Son ministre des Affaires étrangères John Kerry a lui exprimé, en français, la solidarité des Etats-Unis à l’égard de la France, après cet attentat qui a fait 12 morts. “Nos pensées et nos prières vont vers les victimes de cette attaque terroriste et vers le peuple français en ce moment difficile”, a écrit le président américain dans un communiqué publié quelques heures après cet attentat, le plus meurtrier depuis au moins 40 ans en France.
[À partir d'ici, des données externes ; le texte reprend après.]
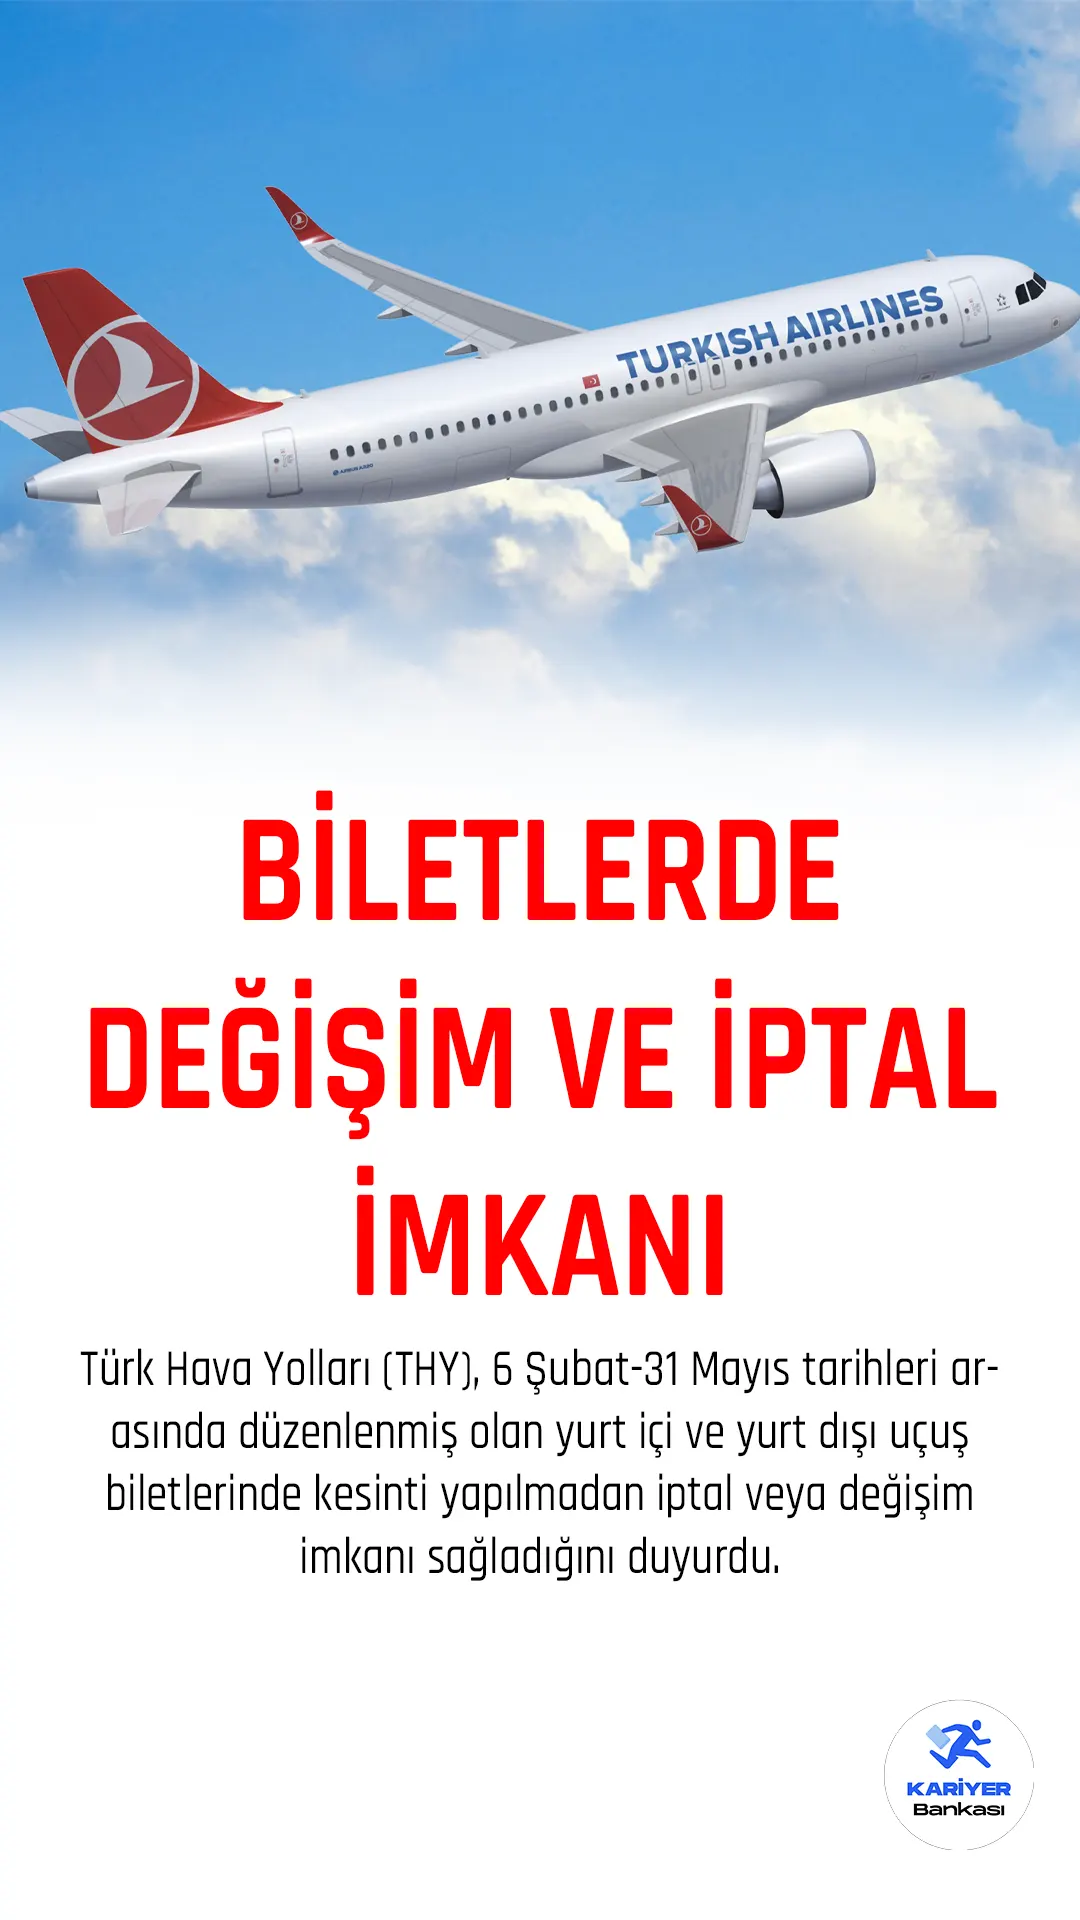 Türk Hava Yolları (THY), 6 Şubat-31 Mayıs tarihleri arasında düzenlenmiş olan yurt içi ve yurt dışı uçuş biletlerinde kesinti yapılmadan iptal veya değişim imkanı sağladığını duyurdu.
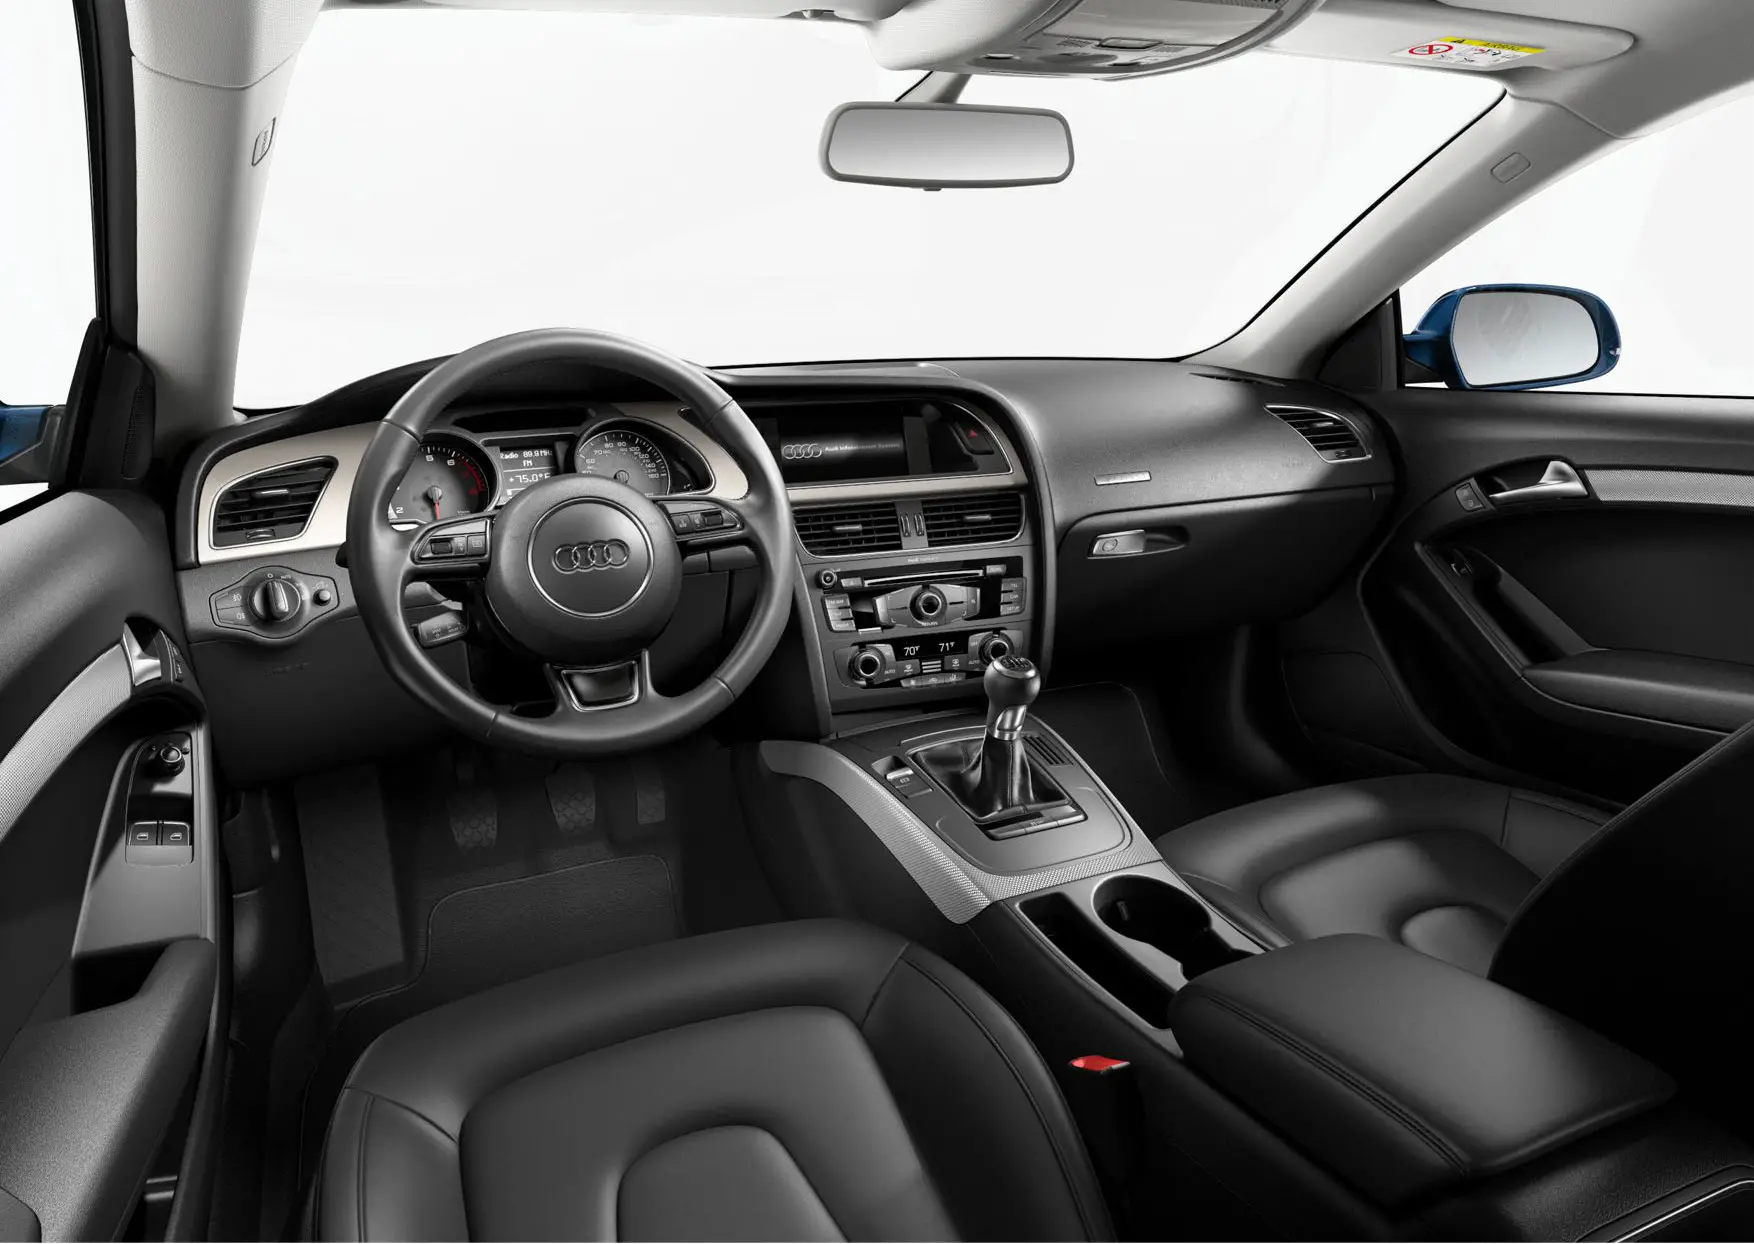 Audi A5 Premium Plus Coupe 2016 Interior Image Gallery

“La France, et la merveilleuse ville de Paris où cette attaque scandaleuse a eu lieu, sont pour le monde une référence intemporelle qui demeurera bien au-delà de la vision haineuse de ces tueurs”, a poursuivi le président des Etats-Unis. “La France est le plus vieil allié de l’Amérique et a été aux côtés des Etats-Unis dans la lutte contre les terroristes qui menacent notre sécurité commune et le monde”, a-t-il ajouté.

John Kerry, francophone et francophile, a tenu à parler en français lors d’une conférence de presse en direct à Washington afin de s'”adresser directement aux Parisiens et à tous les Français pour leur dire que tous les Américains se tiennent à leurs côtés”.

Le chef de la diplomatie américaine, dont une partie de la famille est française et qui est un habitué de Paris, a exprimé “l’horreur, la colère et la condamnation de ce terrible acte de violence”. “Nous sommes également solidaires de votre engagement dans la bataille, la lutte, contre l’extrémisme et de votre détermination à protéger la valeur qui fait si peur aux extrémistes et qui a toujours uni nos deux pays: la liberté”, a poursuivi John Kerry. “Aucun pays ne sait mieux que la France que la liberté a un prix parce que c’est en France que de nombreux idéaux démocratiques ont vu le jour”, a encore lancé le ministre, rendant encore hommage aux “libertés d’expression et de la presse”.

Mais en 2012, lorsque Charlie Hebdo avait publié des caricatures de Mahomet, Jay Carney, porte-parole de la Maison Blanche à l’époque, avait dit: “Nous nous posons des questions sur le jugement qui a conduit à publier de telles choses”, tout en jugeant que cela ne pouvait justifier “en aucun cas la violence”. “Nous devons faire preuve de vigilance face aux ennemis de la liberté”, a quant à lui expliqué le président républicain de la Chambre des représentants, John Boehner, sur son compte Twitter.

Le sénateur Dick Durbin s’est, lui, exprimé en français pour rappeler le soutien apporté par la France aux Etats-Unis après les attentats du 11-Septembre. “A ce moment tragique, nous sommes tous Parisiens, nous sommes tous Francais”, a-t-il dit. Et à Paris, l’ambassade des Etats-Unis a symboliquement changé l’avatar de son compte Twitter en reproduisant le slogan “Je suis Charlie”, en hommage à l’hebdomadaire. Le sort et l’identité des auteurs de la fusillade n’étaient pas connus à la mi-journée. Selon des témoins cités de source policière, ils ont crié “Nous avons vengé le prophète!” avant de réussir à prendre la fuite.